Civita und Marta - 19.9.2016

Nach schweren, nächtlichen Gewittern zog ein frischer Tag auf. Gut ausgeruht schmiedeten wir die Pläne für den Tag.  Der anvisierte Spoerry-Garten bleibt montags geschlossen und Siena schien uns dann doch etwas zu weit weg für einen Tagesausflug. So folgten wir dem Tipp von Stephania, der sympathischen Gastgeberin hier im Le Vigne, und nahmen die nur 13 Kilometer nach Civita bei Bagnoregio unter die Räder.

 

Die Gassen durch den Ort bis zum Parkplatz bei Civita wurden sogar Frau Bernasconi und somit auch unserem Wägeli zu eng. Breitspurige Wandergruppen machten ein Durchkommen schier unmöglich. Also parkierten wir halt in Bagnoregio. Dort war allerdings Markttag und ein Parkplatz Mangelware.

Egal, bald einmal standen wir neugierig am Aussichtspunkt, blicken über den weiten Krater. In dessen Mitte erhob sich ein Hügel und obendrauf die mittelalterliche Stadt Civita.
Wir kletterten Treppen und steilen Wegen entlang die Kraterwand hinunter, marschierten über die Fussgängerbücke und keuchten dann den Hügel hinauf, bis auf gleiche Höhe wie der Aussichtspunkt. Peter war froh um seine Wanderschuhe, denn auch innerhalb der mittelalterlichen Stadt war der Bodenbelag schon fast wie auf einem Bergweg. Kaum durch das Burgtor getreten öffnete sich die Stadt auf einen weiten Platz. Ein paar schlichte Häuser, die Kirche faszinierten uns sofort. Auch das Innere der Kirche war schlicht und ansprechend gestaltet. Die Stille faszinierte mich und ich genoss sie auch. Einen Augenblick einfach inne halten und die vielen Eindrücke setzen lassen, tat wirklich gut. Wir übersahen die Trattorias, die sich eine an die andere reihte. Nur noch wenige Familien leben im Ort, das übrige Civita scheint sich auf die nächste touristische Stufe vorzubereiten. Doch das tat dem rauen Charme des Städtchens und der fantastischen Aussicht keinen Abbruch. Es ist Nachsaison und so hatten wir das Dorf schon fast für uns alleine. 

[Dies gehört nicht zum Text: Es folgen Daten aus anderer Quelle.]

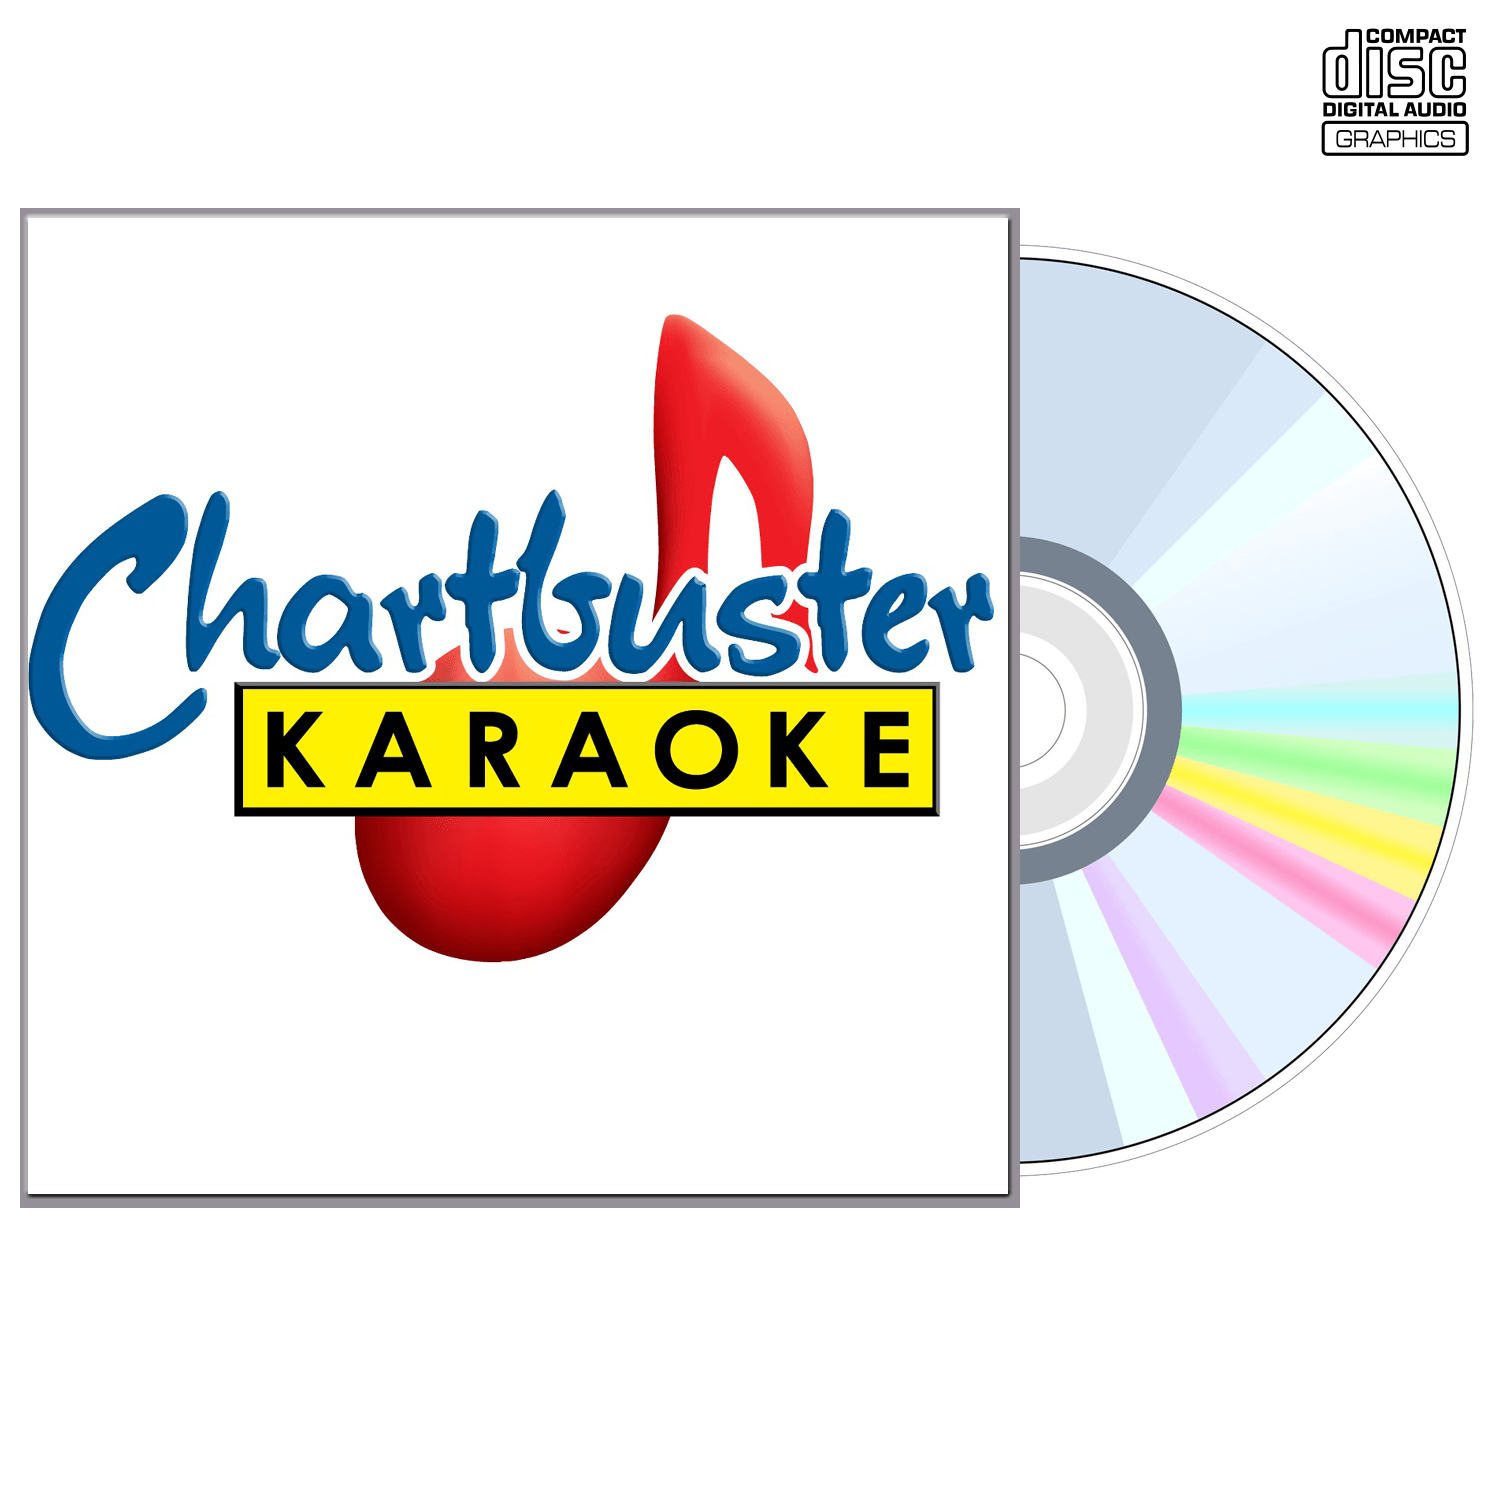 Peter Paul And Mary - CD+G - Chartbuster Karaoke - Karaoke Home Entertainment

Nach einem entspannten Café nahmen wir uns den Abstieg vor. Dabei sahen wir, wie die Transporte organisiert waren. Ein geländegängiges Lastwägeli brauste über die Fussgängerbrücke, dann den Hügel hoch, holperte über die flachen Treppen und wand sich haarknapp zwischen den engen Hauszeilen durch.

 

Kaum unten angelangt kraxelten wir gleich wieder den Kraterrand hoch. Wir schlurften müde den Kilometer zurück durch Bagnoregio. Der Markt war weiter gezogen und unser Auto stand einsam und verlassen auf dem Parkplatz. Noch nie empfanden wir die Autositze so bequem wie heute!

Doch kaum hörte Frau Bernasconi wieder das Motörli summen, packte sie das Reisefieber. Das Navi suchte uns einen Weg nach Marta, einer kleinen Ortschaft am anderen Ende des Bolsenasees. Ein Bummel zu den Fischerbooten und durch Altstadtgässchen sowie ein Gelati rundeten unseren Tag ab. Nachdem wir über die Seepromenade schlenderten, entdeckten wir wieder wie schon oft ein kleines Gässchen. Wir nutzten die Gelegenheit und liessen uns treiben und so überraschte es uns nicht, dass wir durch ein Quartier marschierten das voller Leben war.


Jetzt sitzen wir im Le Vigne oben – mit müden Beinen wie nach einer Bergtour - und bewundern das einmalige Farbenspiel des Sonnenuntergangs über dem See – Hollywood pur.